唐揚げを無限に食べたい

Enju

唐揚げを無限に食べてみた

テケテンテンテン

常日頃から、佐藤くんは唐揚げを無限に食べたいと神に願っておりまして、それなら無限に食べてもらおうじゃないかと母ちゃんが大量の唐揚げを用意するもんだから、佐藤くんはもう幸せそうにモグモグと無限に唐揚げを頬張るわけです。

ところで、本当に唐揚げを無限に食べるにはいくつか障害がございまして、最初に問題になるのが佐藤くんのお腹の具合となります。いくら唐揚げが大好きだと言っても胃が満杯になってしまったらそれ以上は食べられないわけで。

そこをどうにかするには、まあ汚い話になってしまいますが、食べた分だけ出していく。上から出すか、下から出すか。などと申しまして、ええ、はい、そうですね、お食事中の方は申し訳ございません。食べ物を粗末にするなというお怒りも、もっともな次第でございます。

さてさて、そうなりますと、佐藤くんが食べた唐揚げを、体の中から出さずに無限に食べる方法を模索する必要がございます。例えば……佐藤くんが食べた全ての唐揚げを、お腹の中でエネルギーに変換してしまうだとか。

こりゃまた突拍子もない話が出てきたな、とお思いで? いえいえ、これが実はそれほど常軌を逸した話ではございません。皆さんおなじみの猫型ロボットが居りますでしょう。ちょっと詳しい人なら皆知っているんですが、実はあの子が食べたもの、全部エネルギーになっているらしいですよ。

これはいわゆる相対性理論、誰でも知ってる"E=mc^2"という計算式が、我々の生活に役立つ瞬間でございましょう。アインシュタイン先生も思わずニッコリ、といった所でしょうか。

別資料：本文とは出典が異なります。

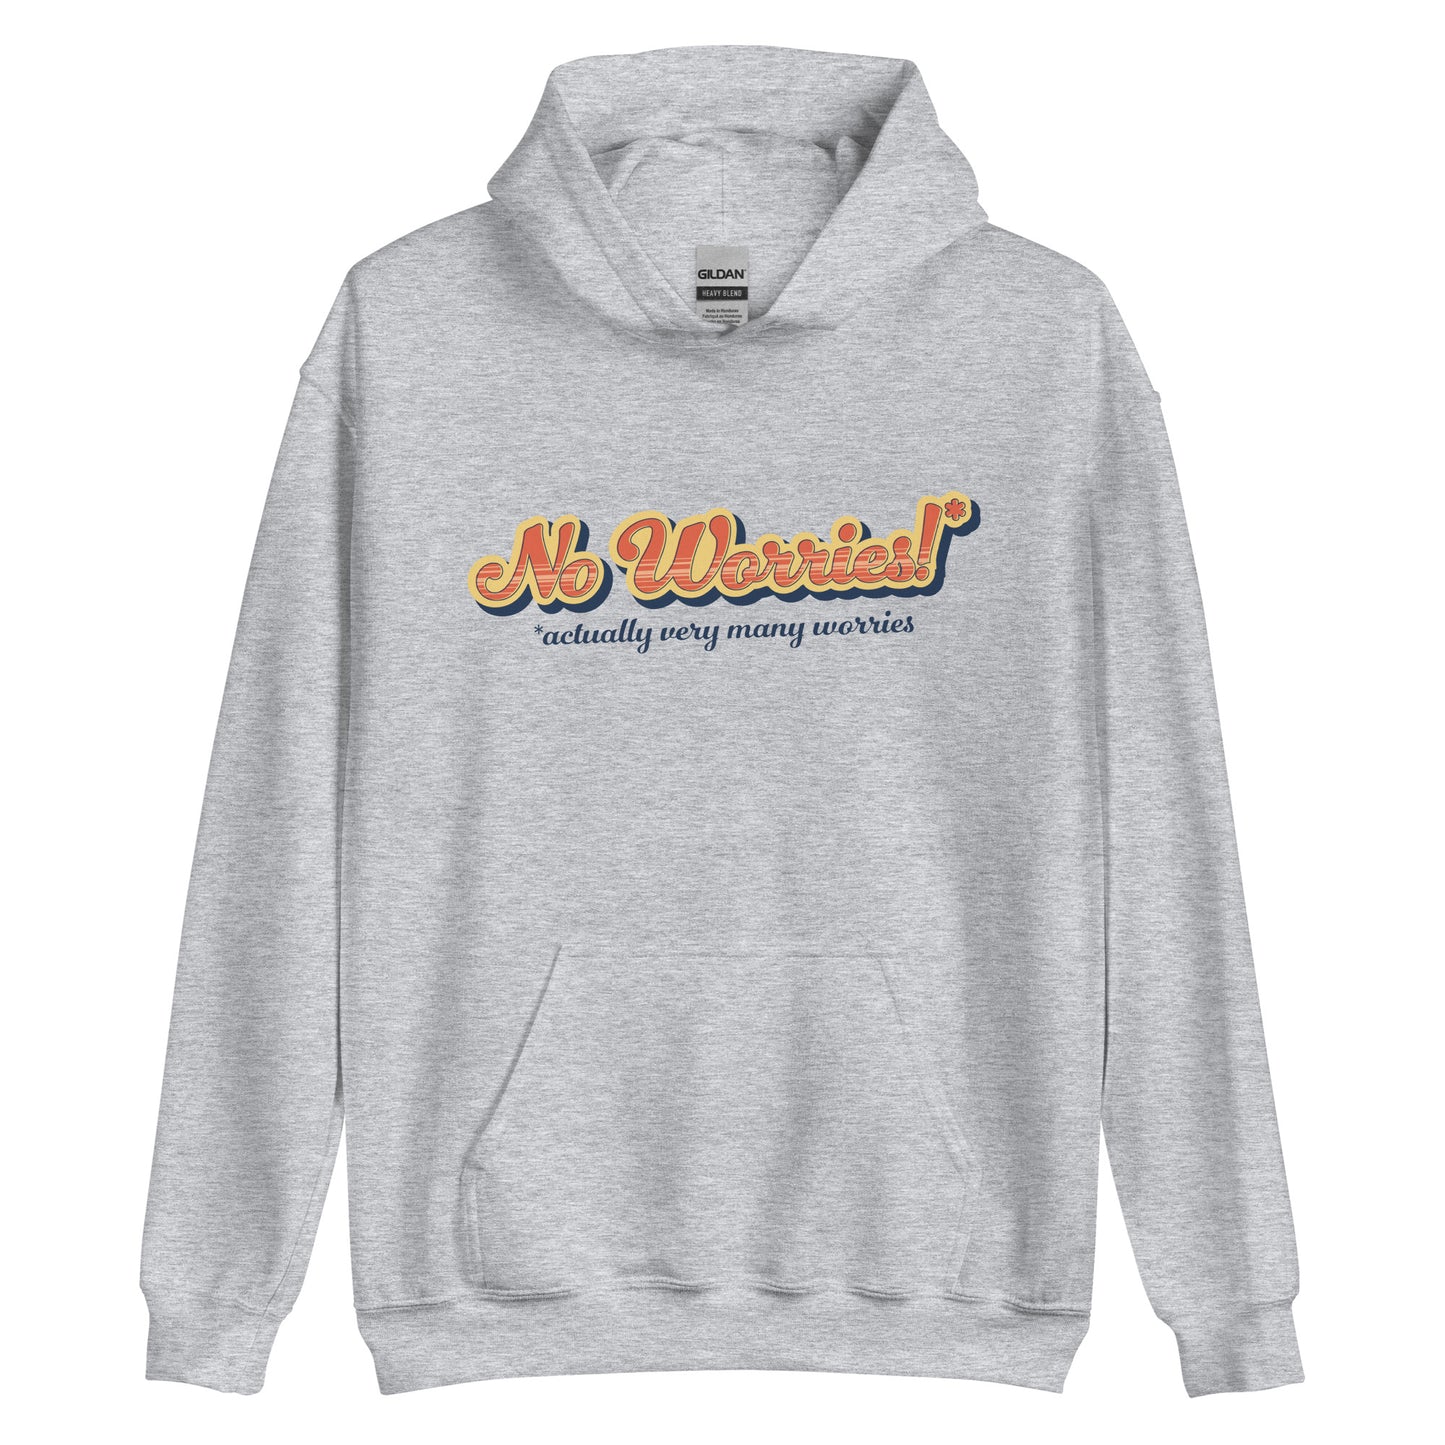 A light grey hooded sweatshirt featuring vintage style text that reads "No worries!* *actually very many worries"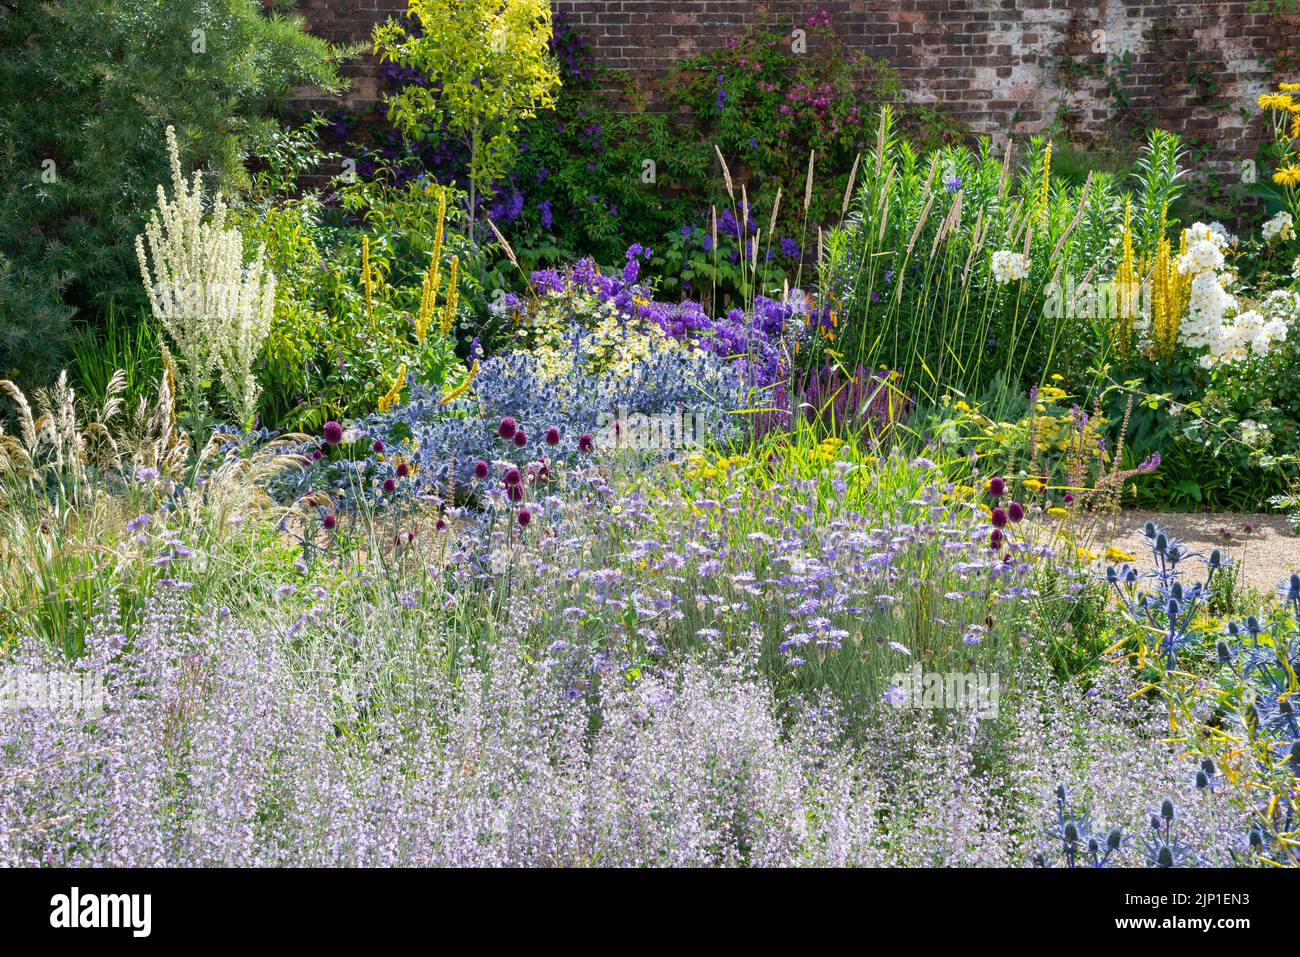 The Paradise garden at RHS Bridgewater, Worsley, Greater Manchester, England. Stock Photo

とはいえ佐藤くんのお腹の中の唐揚げで原子力をどうこうするのには、ちょっとばかり安全面で問題がございます。このご時世、発電所ひとつ作るにも、近隣住民の皆様のご理解はそうそう得られないもので、いかに佐藤くんがお腹の安全性をアピールしたところで、ゲップをしたらどうするんだ、そう言えばあの時に屁をこいたのはお前だろう、しまいには小さい頃の寝小便まで持ち出して、皆さん放射能がやいのやいのと言ってくるものですから、佐藤くんも渋々ながら、この方法を諦めざるを得ませんでしたとさ。

こうなれば佐藤くん、もはや腹に入った唐揚げを何とかしようという甘い考えは捨ててしまえっ! とばかりに、後先を考えず唐揚げを無限に食べ始めました。そうしましたら当然の結果として、佐藤くんのお腹はパンパンになってしまいます。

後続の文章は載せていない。